价格一路攀升,很快就突破了一千五百万。
就在众人热情高涨之时,一个懒洋洋的声音,忽然在安静的会场里响起。
“一个假货也值得抢成这样?”
说话的,正是许南辰。
他终于吃完了最后一块马卡龙,用餐巾擦了擦嘴,说出了这句石破天惊的话。
整个宴会厅,瞬间死一般的寂静。
所有人的目光,都聚焦到了他的身上。
郑恺元的脸,瞬间涨成了猪肝色。
他指着许南辰,气得浑身发抖:“你胡说八道,你一个什么都不懂的土包子,有什么资格在这里大放厥词?”
“就是,这可是郑少亲自鉴定过的东西,怎么可能是假的?”
“哗众取宠,想引起苏院长的注意吧?手段也太低劣了。”
质疑和嘲讽声四起。
许南辰却依旧淡然,他看着那只被奉为至宝的玉碗,摇了摇头:“样子是做得很像,火气、土气、釉光都仿得不错,可惜做这只碗的人不懂医理。
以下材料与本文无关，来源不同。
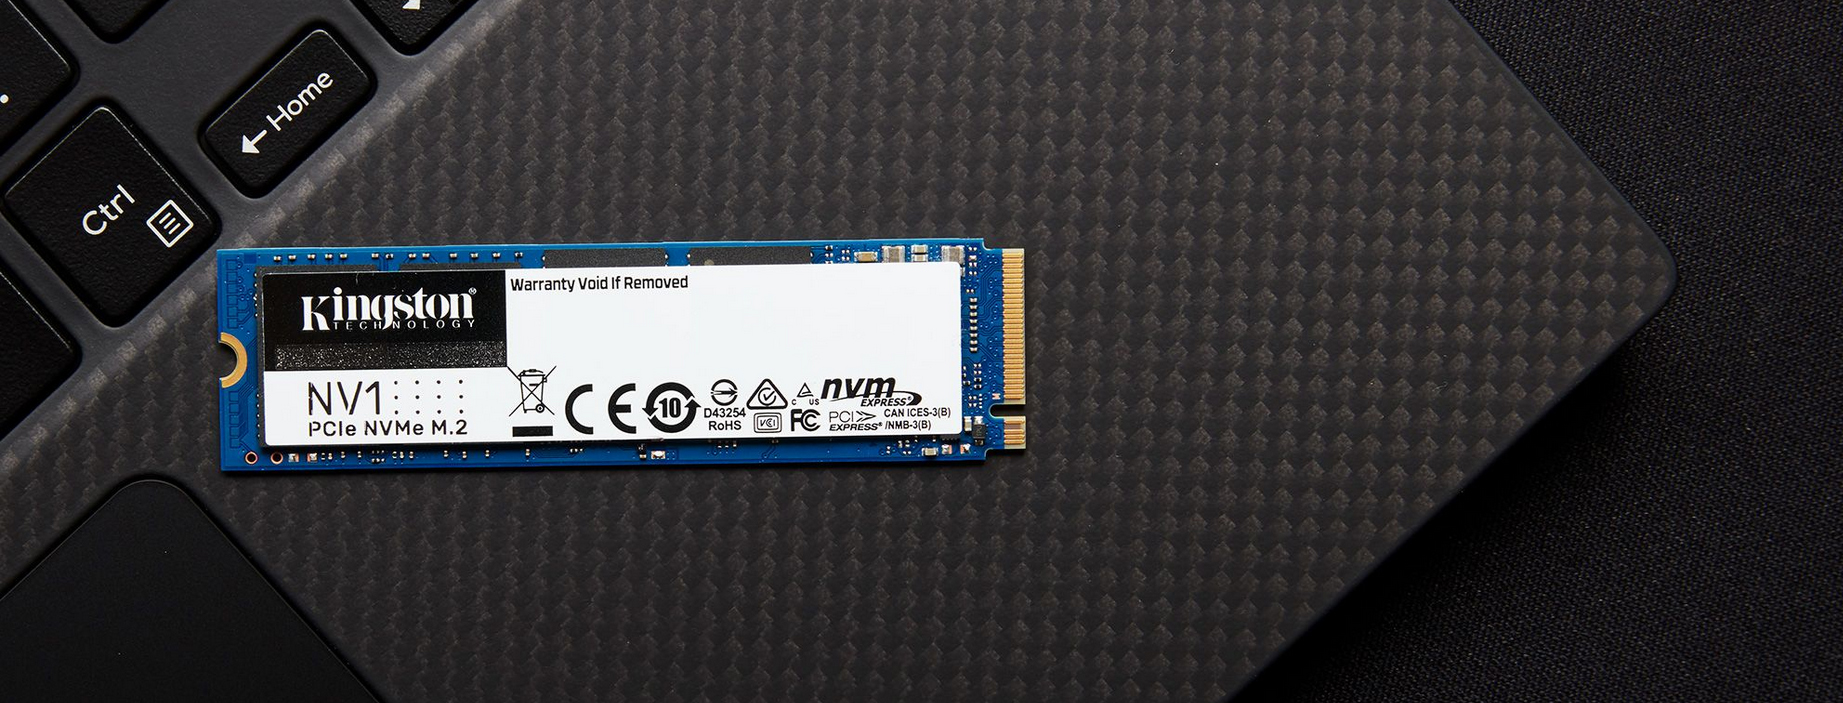 Kingston NV1 1TB M.2 2280 NVMe PCIe Internal SSD Up to 2100 MB/s 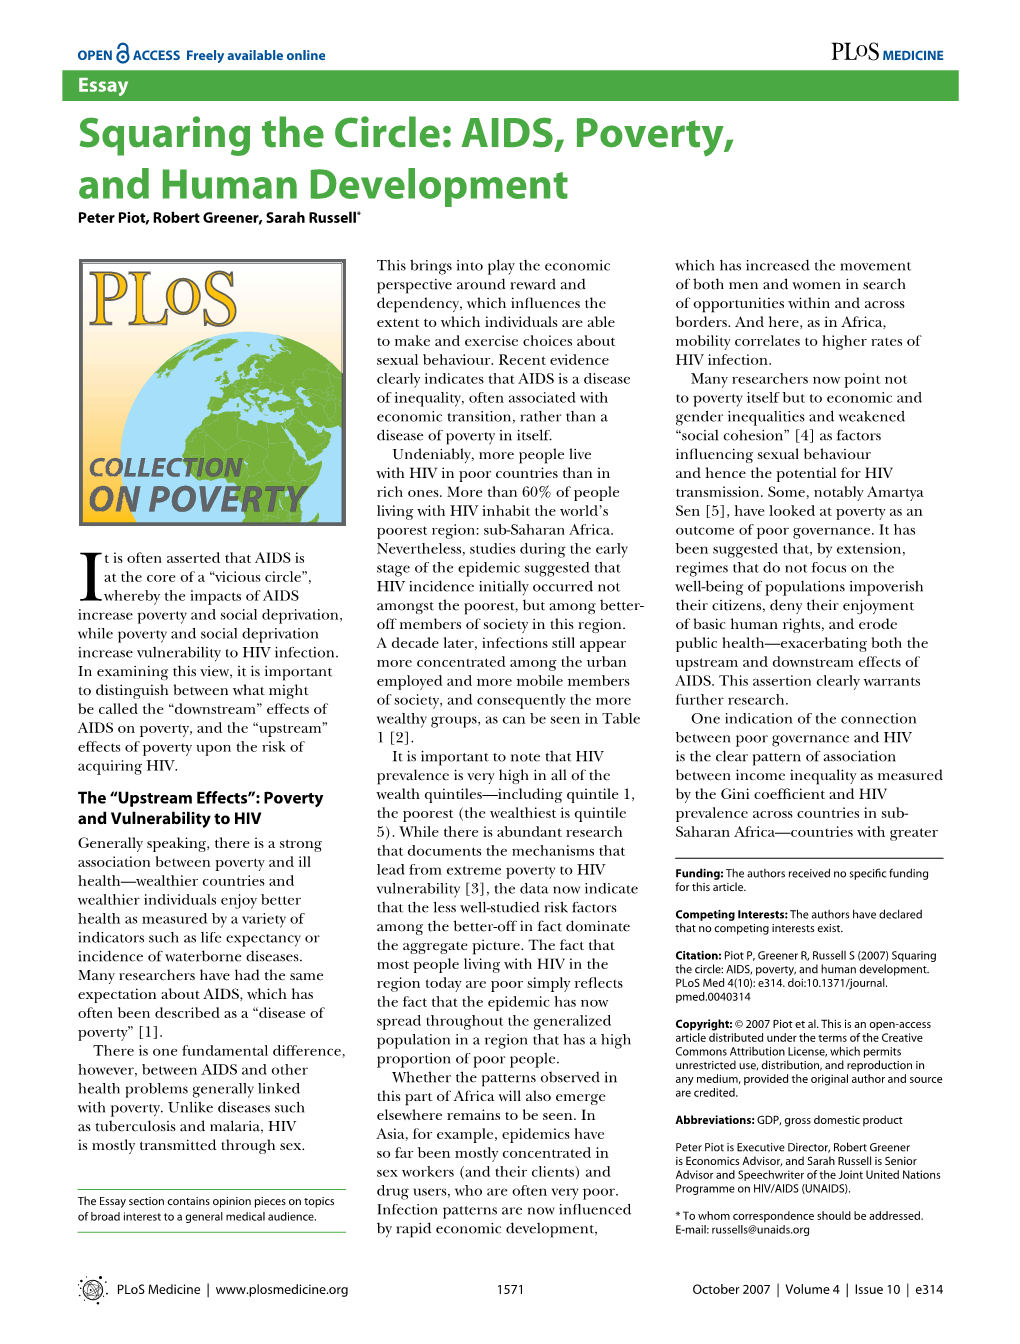 AIDS, Poverty, and Human Development Peter Piot, Robert Greener, Sarah Russell*

”
“医理?”郑恺元像是听到了天大的笑话:“一只碗,跟医理有什么关系?你少在这里故弄玄虚!”
“当然有关系。”许南辰站起身,缓步走到台前。
“万物皆有气。人有气,瓷器也有气。这只碗,器型虽是宋代,但它胎土里的湿气太重,釉面上的火气又浮而不沉。就像一个肾阳亏虚,又心火上炎的病人,外表看起来光鲜,内里早就败了。”
他拿起那只碗,在众人惊愕的目光中,将碗口凑到耳边,用指节,在碗身上轻轻一弹。
“叮。”
一声清脆的声响,在安静的会场里回**。
“真正的汝窑,历经千年沉淀,胎土里的火气早已散尽,只余温润。其声应如磬,清越而悠长,尾音有颤。”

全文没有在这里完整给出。